İTÜ Meteoroloji Mühendisliği Kısmı Öğretim Üyesi Prof. Dr. Sevinç Asilhan, İstanbul’un uzun yıllara bağlı olarak ortalama yıllık toplam yağış ölçüsünün yaklaşık 740 milimetre olduğunun altını çizerek, şunları kaydetti:
“Ormanlık, tarım ve yeşil alanların dışında yerleşim alanları 1975’te yaklaşık 36 bin 233 hektarken, 2013’te 106 bin 99 hektar olarak değişmiştir. Bu yerleşim alanlarını göz önünde bulundurarak çatılardan en fazla elde edebileceğimiz su depolaması yaklaşık bir yılda 327 milyon metreküptür. İstanbul’un barajlarında toplam su ölçülerinin 2012 ile 2020 yılları ortasındaki yıllık ortalaması yaklaşık 672 milyon metreküptür. İstanbul’un barajlarındaki yıllık toplam su ölçüsüyle çatılardan elde edilebilecek en fazla su depolaması kıyasladığında, yaklaşık yüzde 48 oranında yıllık su depolaması çatılardan sağlanabilir.

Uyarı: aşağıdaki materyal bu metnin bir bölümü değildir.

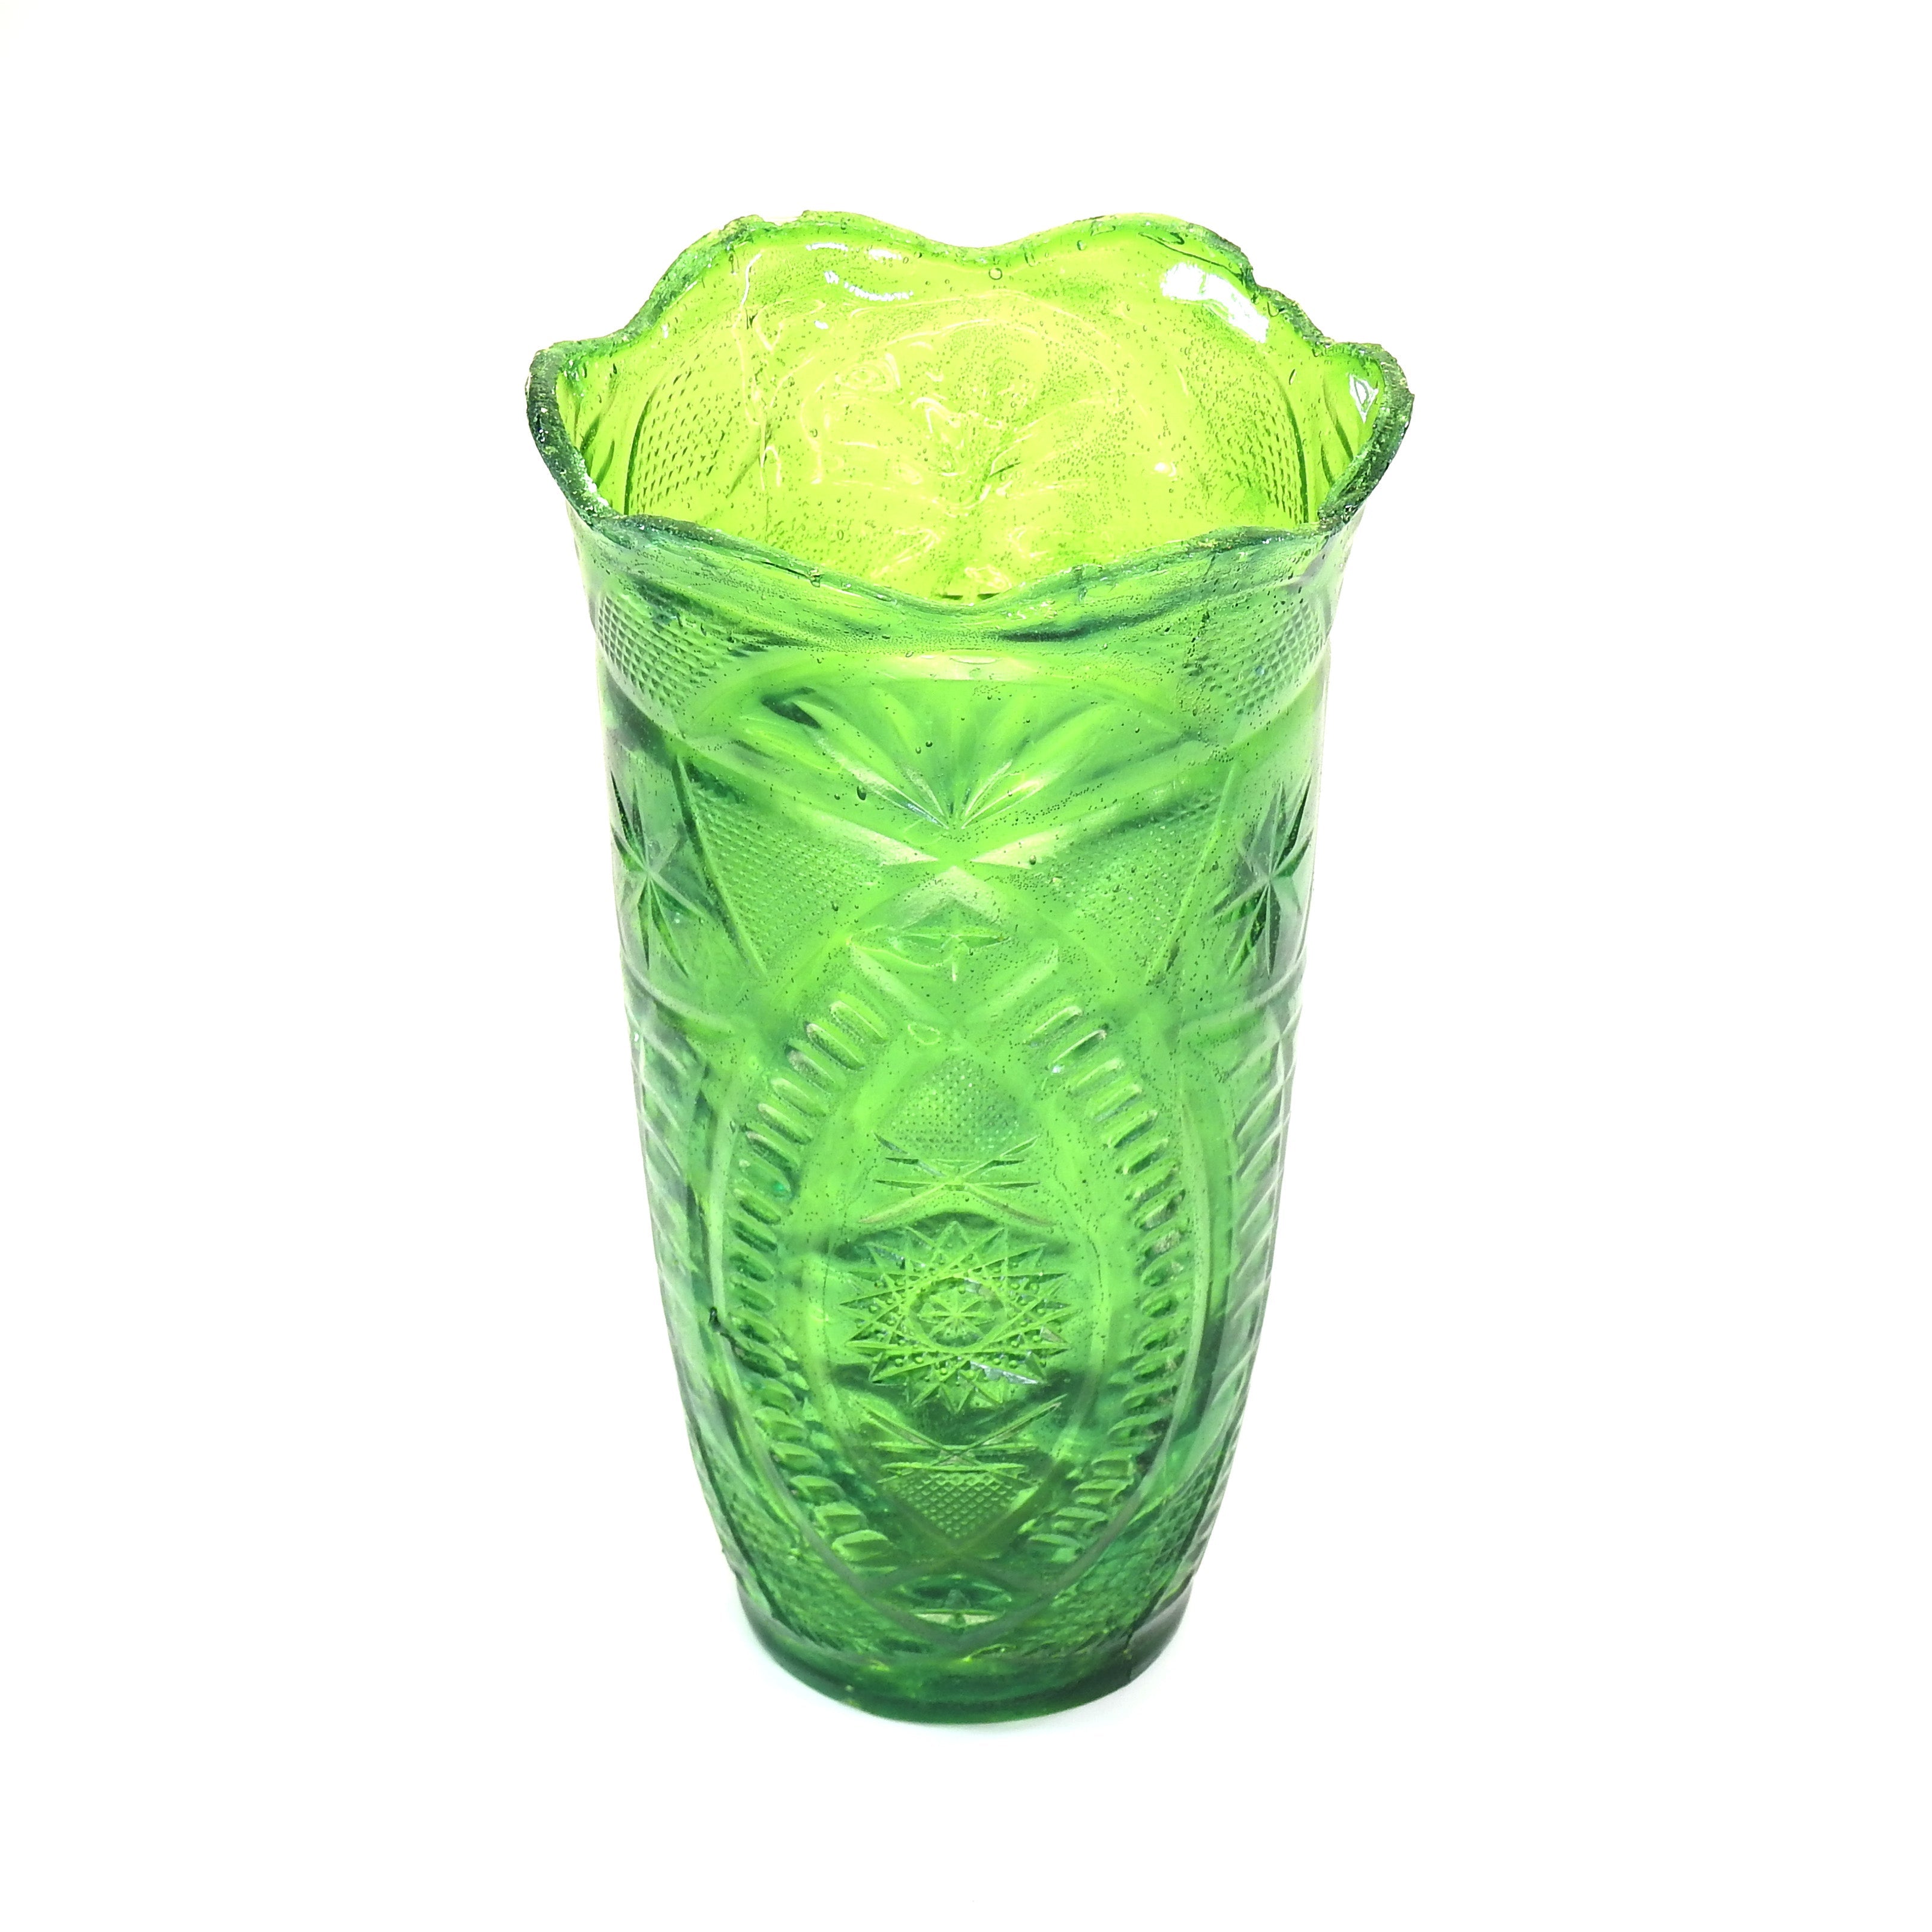 SMASHProps Breakaway Cut Crystal Vase - LIGHT GREEN translucent - Light Green,Translucent

Burada kullanılan çatı alanı, çatı yüzeylerinin özellikleri, yağış ölçüleri mahalleden mahalleye, semtten semte değişiklik gösterecektir.”
Yağmur hasadının dünya genelinde konutların çatılarındaki suyun depolanmasıyla yapılabileceği üzere yenilikçi prosedür ve aygıtlarla da yapılabileceğini anlatan Sevinç Asilhan, “21. yüzyılda kullanımı devam etmektedir ve hava kurallarının değişkenliğine bağlı olarak makul aralıklarla yaşayacağımız su kıtlığına, kuraklığa karşı geliştirilmesi ve yaygın kullanımının sağlanması yararlı olacaktır.” dedi.